Dabei begannen die Gäste aus Sachsen-Anhalt zunächst recht ordentlich und konnten die zwischenzeitliche 4:2 (6.) Führung der Hanseaten nach neun Spielminuten bei 4:4 ausgleichen. Nach einer Auszeit von Banditstrainer Grzegorz Subocz agierten die Elbestädterinnen fortan besser in der Deckung und konnten sich so auch einige Vorteile im Angriff erarbeiten. Dies zahlte sich in der Folgezeit aus, denn nach Treffern von Schröder, Maue und Wysinski wiesen die Elbestädterinnen beim Stand von 7:5 (16.) erstmalig eine Zweitore-Führung auf, wobei man auch bis dato mit der Chancenverwertung haderte und sich so leichtfertig um eine höhere Führung brachte. Nutznießer waren die Gastgeberinnen, allen voran Franca Kühne, die Nachlässigkeiten in der Defensive der Magdeburgerinnen eiskalt bestrafte und somit großen Anteil am erneuten Ausgleich der TSG, beim Stand von 9:9 (20.) hatte. In den verbleibenden zehn Spielminuten bis zur Pause flachte dann auf beiden Seiten vor allem die Offensivleistung etwas ab, woraus jedoch keine Mannschaft Kapital schlagen konnte und es so mit einem leistungsgerechten 13:13 Unentschieden in die Pause ging. Nach dem Seitenwechsel bot sich auf Magdeburger Seite erneut das gleiche Bild wie bereits vor Wochenfrist. Körperlich schienen die Subocz-Schützlinge zwar anwesend, aber geistig noch in der Kabine zu sein. Anders ist der plötzliche Leistungsabfall der Bandits wohl nicht zu erklären, den die gastgebende TSG natürlich eiskalt ausnutze. Statt Tore zu werfen, produzierten die Elbestädterinnen Fehlwürfe sowie Ballverluste am Stück und musste im Gegenzug Tor um Tor hinnehmen. Binnen von 13 Minuten konnte die Sieben von Trainerin Marina Bratenkowa so von 13:13 auf 24:16 (43.) enteilen und folglich eine Art Vorentscheidung erzielen.
In der Folge besann man sich bei den Magdeburgerinnen wieder aufs Handballspielen, konnte aber lediglich den Abstand bis zum 24:18 (46.) konstant halten.
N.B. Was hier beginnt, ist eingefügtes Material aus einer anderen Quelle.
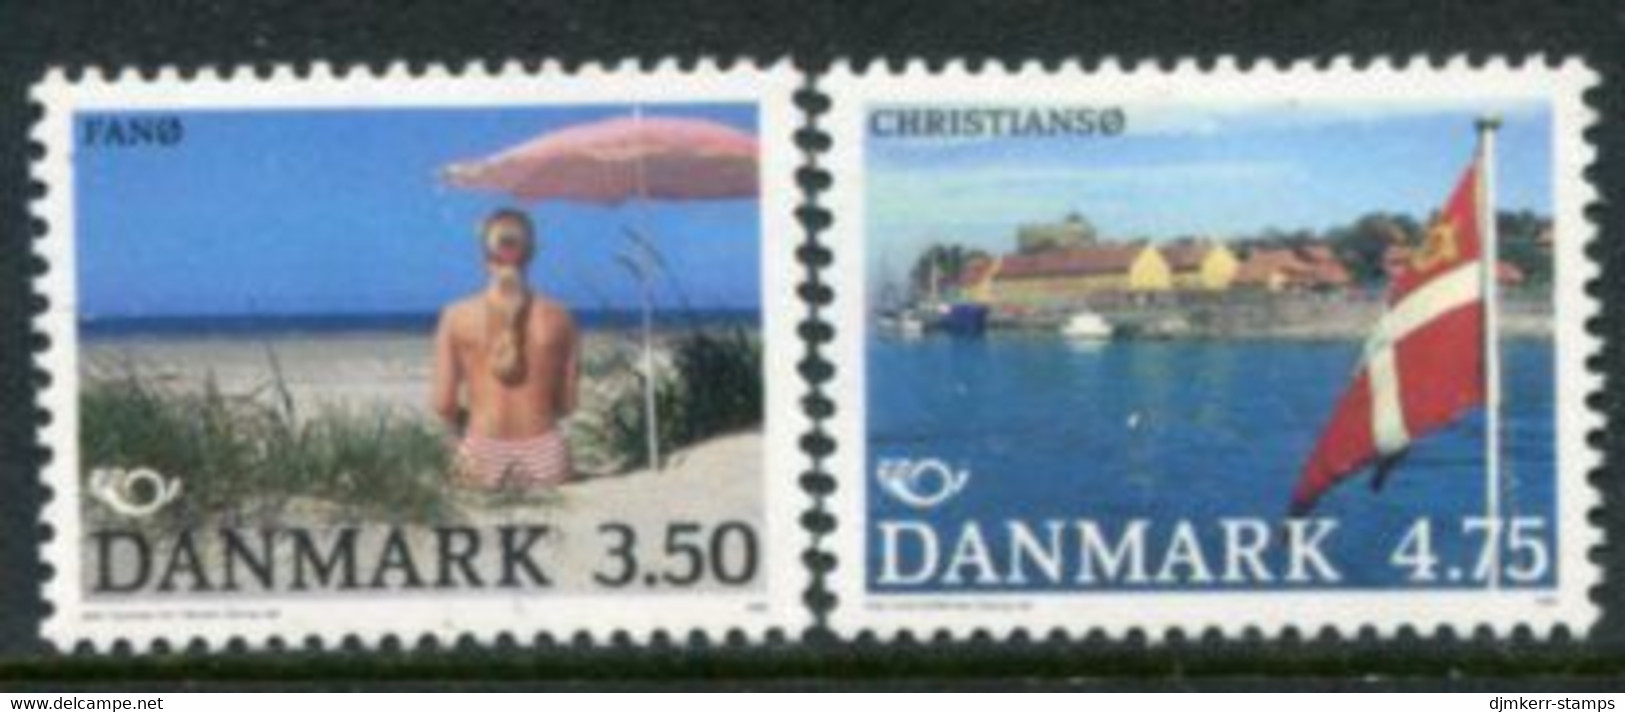 DENMARK 1991 Tourism  MNH / **.   Michel 1003-04 - Nuevos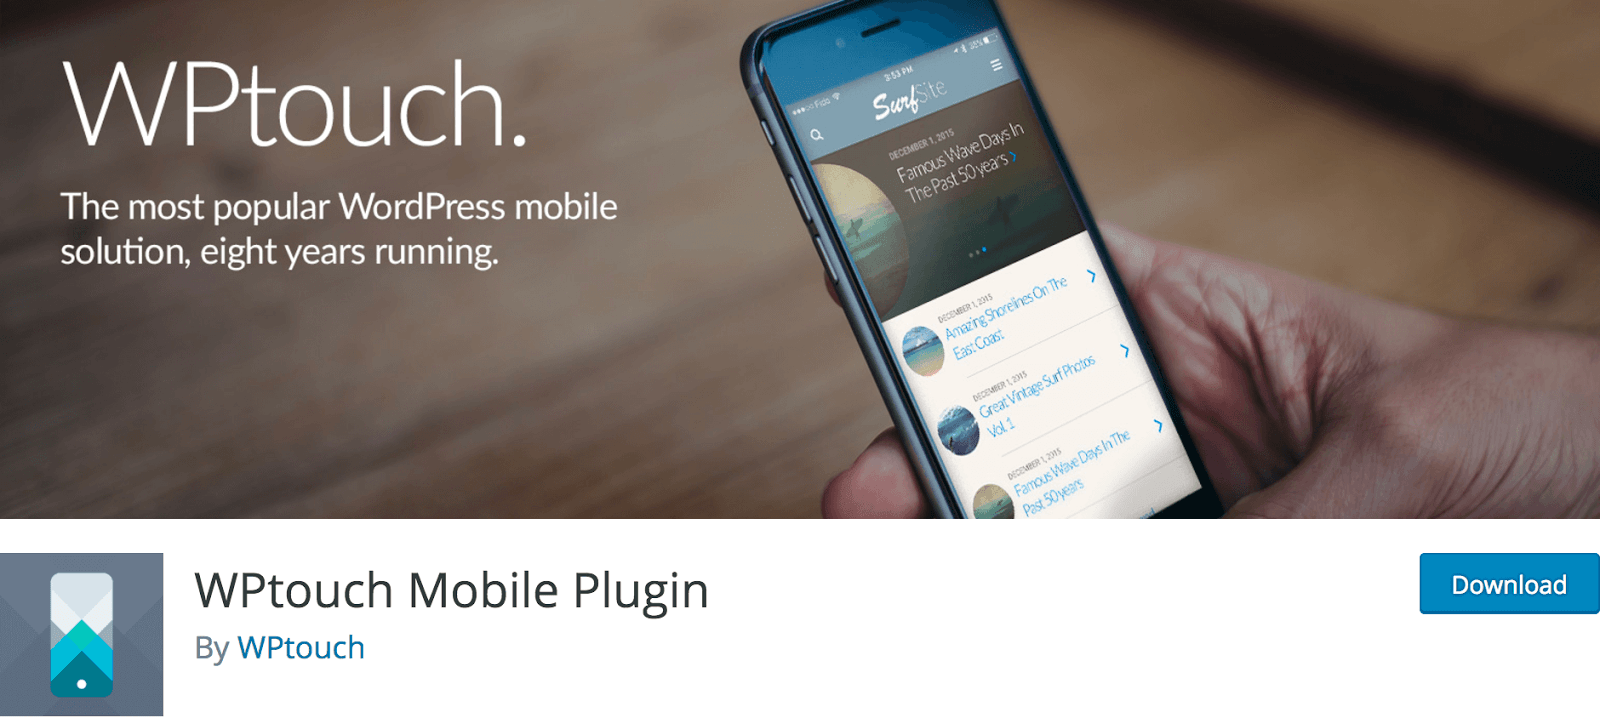 WPtouch WordPress Mobile Plugin

Drei Treffer in Folge brachten die Gäste beim 19:24 (48.) zwar noch einmal in eine aussichtsreichere Position, jedoch verhinderten überflüssige Technik-und Regelfehler sowie eine nicht zufriedenstellende Chancenverwertung eine weitere Aufholjagd der Bandits. In den letzten zehn Minuten der Partie konnte es die Hanseaten so etwas ruhiger angehen lassen und spielten ihren sechs Torevorsprung vom 25:19 (50.) bis zum Abpfiff clever herunter, so dass die Subocz-Schützling nach 60 Minuten mit einer 23:29 Niederlage erneut als Verlierer das Parkett verließen.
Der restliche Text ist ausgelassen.